The Correct Option is C

We are given that \( P \) is the greatest divisor of the expression \( 49^n + 16n - 1 \) for all \( n \in \mathbb{N} \). Our task is to find the number of factors of \( P \).
Step 1: Generalizing the expression
We are tasked with finding the greatest divisor \( P \) of the expression for all \( n \in \mathbb{N} \). The key is to check the values of \( 49^n + 16n - 1 \) for small values of \( n \) and look for any common divisors.
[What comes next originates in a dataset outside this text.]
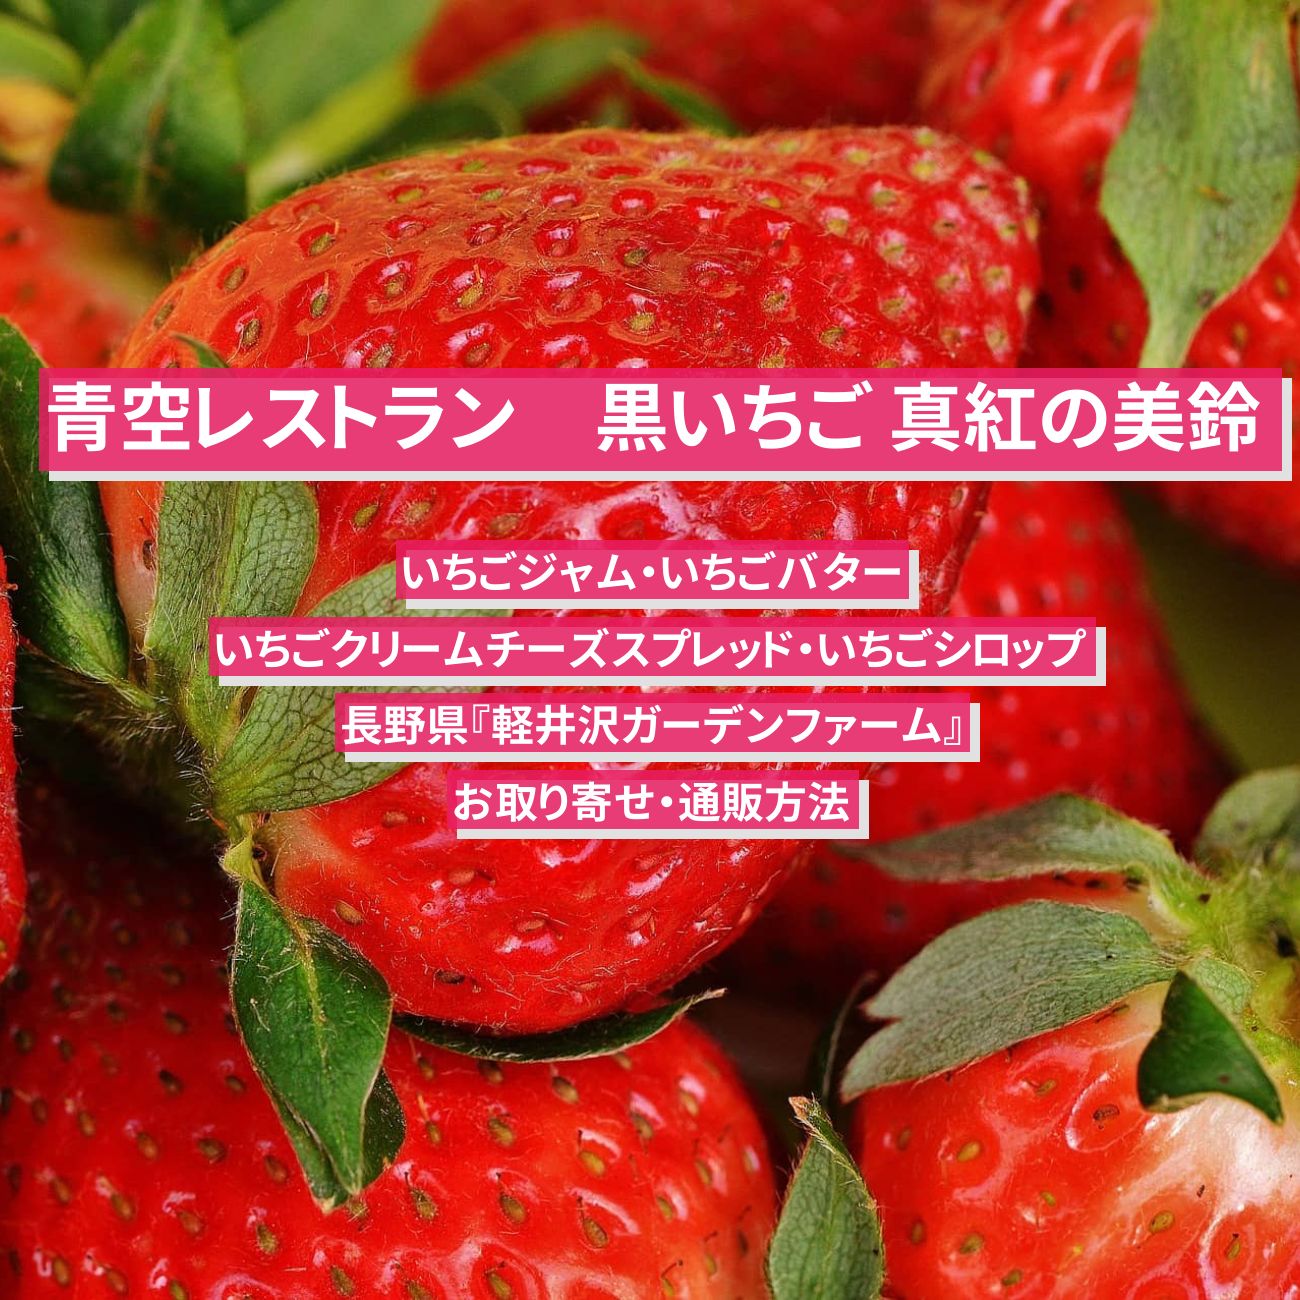 【青空レストラン】いちごジャム・いちごバター『軽井沢ガーデンファーム』長野県のお取り寄せ・通販方法

Step 2: Testing for small values of \( n \) - For \( n = 1 \), we compute: \[ 49^1 + 16(1) - 1 = 49 + 16 - 1 = 64 \] - For \( n = 2 \), we compute: \[ 49^2 + 16(2) - 1 = 2401 + 32 - 1 = 2432 \] Next, we find the greatest common divisor (gcd) of 64 and 2432.
Step 3: Finding the gcd of 64 and 2432
- Using the Euclidean algorithm: \[ \gcd(64, 2432) = 64 \] Thus, \( P = 64 \).
Step 4: Finding the number of divisors of \( P \)
The prime factorization of 64 is: \[ 64 = 2^6 \] The number of divisors of \( 64 \) is given by the formula \( (e_1 + 1) \), where \( e_1 \) is the exponent of the prime factor: \[ \text{Number of divisors of } 64 = 6 + 1 = 7 \] Thus, the number of factors of \( P \) is 7.